A Spanish language dancehall and modern reggaeton track, it is a sensual song that hints at an intimate and romantic situation, expressing the feelings of someone who is anticipating "a return that may never happen". "Ponte Pa' Mí" received positive reviews from music critics, who complimented its smooth rhythms. The song debuted and peaked at number 32 in Spain and was certified gold in the country. An accompanying music video, released simultaneously with the song, was filmed in Miami, and directed by Gustavo "Gus" Camacho. The song was included on the set list for Alejandro's the Rauw Alejandro World Tour.

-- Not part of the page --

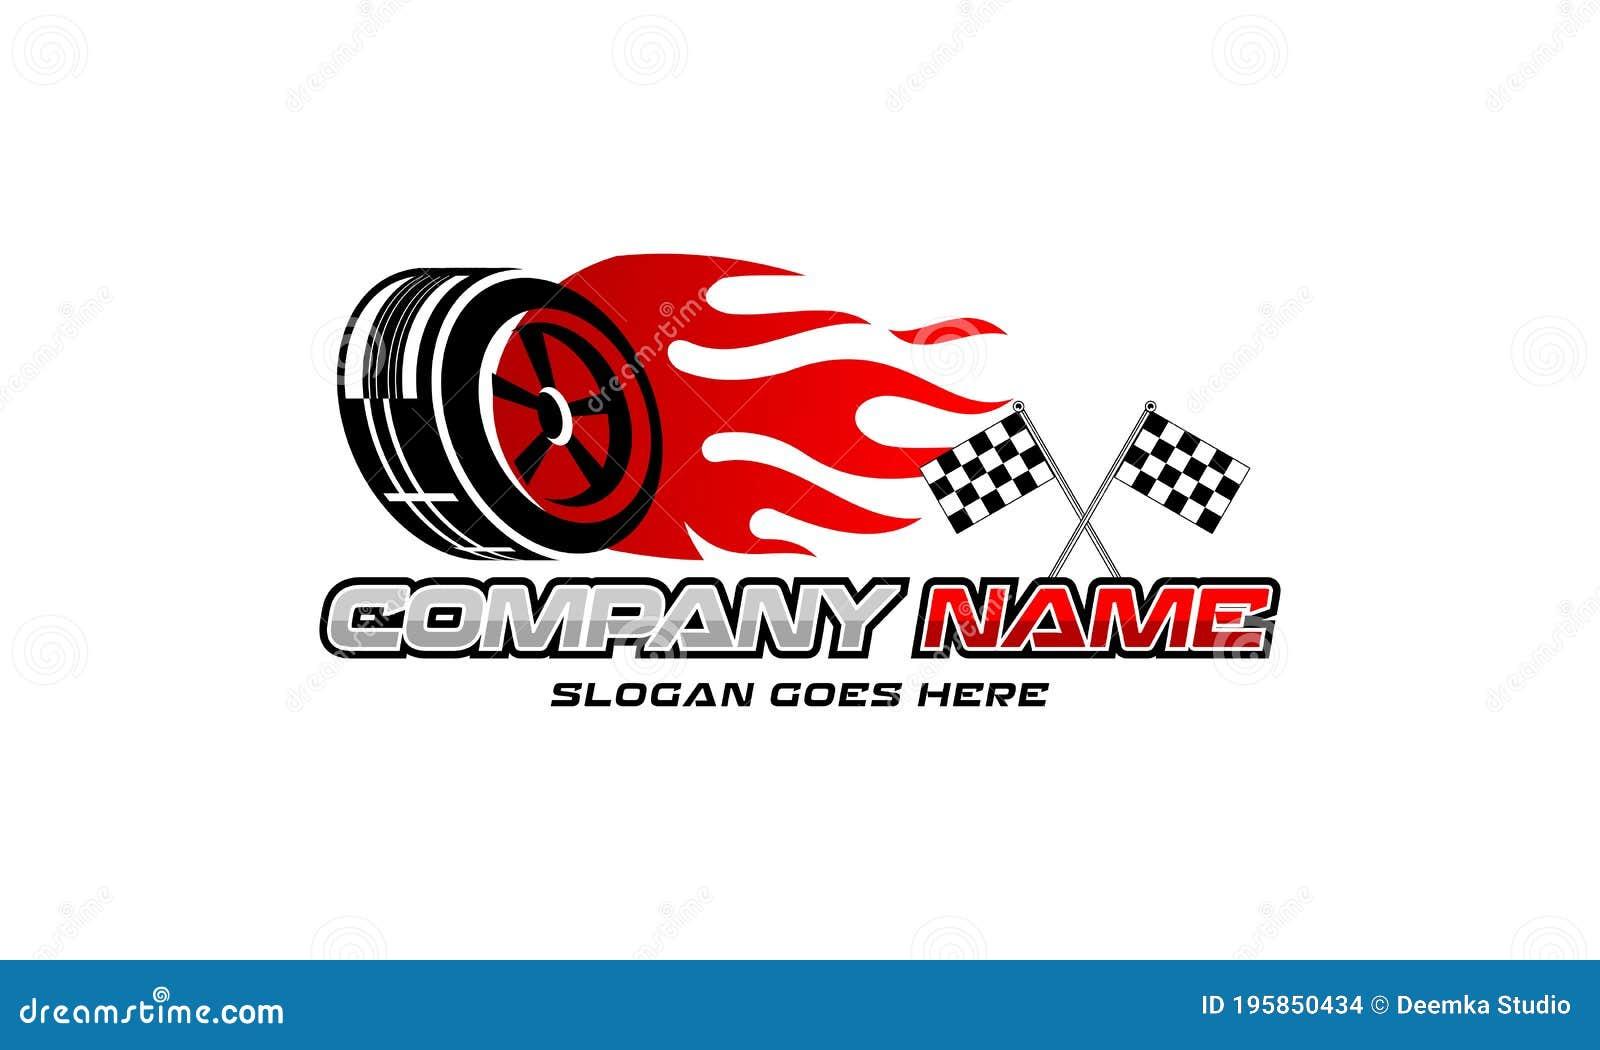 Auto Repair Services Automotive Logo Ideas Sample Vehicle Logos Stock Illustration Illustration Of Automobile Emblem 195850434

==Background and release==
In January 2020, Rauw Alejandro revealed the titles of four of his upcoming songs, including "Ponte Pa' Mí", which was highlighted to be a collaboration. In February 2020, he announced that he was working on his debut studio album Afrodisíaco. On April 12, 2020, he confirmed that "Ponte Pa' Mí" would be included in the album and wrote: "My next song is one of the most important projects I've worked on in my career. 'Musically' and 'Visually' I can fully show my art and my vision as an artist." The track was released for digital download and streaming by Duars Entertainment as the first promotional single from Afrodisíaco on April 16, 2020, being a collaboration with Myke Towers and Sky Rompiendo. It was later included as the 14th track on the album, released November 13, 2020.

==Music and lyrics==

Musically, "Ponte Pa' Mí" is a Spanish language dancehall and modern reggaeton song, written by Alejandro, Sky, Orlando J. Cepeda, José M. Reyes Díaz, Towers, Colla, and Eric Duars. Its production was handled by Sky, and the track runs for a total of three minutes and four seconds. Lyrically, "Ponte Pa' Mí" which translates to "Put on for Me" in English, is a sensual song that hints at an intimate and romantic situation. It express the feelings of someone who is anticipating "a return that may never happen". The lyrics begins with, "Sigo esperando que suene tu llamada / ¿Cuándo es que vas a volver? / Yo sé que me piensas / Como yo te pienso a ti" (I keep waiting for your call to ring / When are you going to come back? / I know that you think of me / The way I think of you).

==Reception==
Upon release, "Ponte Pa' Mí" was met with positive reviews from music critics. An author of Estación 40 named Alejandro and Towers the "two leaders of the new urban generation", while Angel Castillo from LoMasRankiaO labeled them "two of the most acclaimed hitmakers of the genre" and praised the use of "smooth" dancehall-influenced rhythms that created "the perfect formula for a contemporary reggaeton gem". Happy FM staff stated that Alejandro has "left us speechless" with the release of the song and described it as "a success that will give a lot to talk about in the coming months". In 2022, Ernesto Lechner from Rolling Stone ranked the track as the singer's ninth-best song.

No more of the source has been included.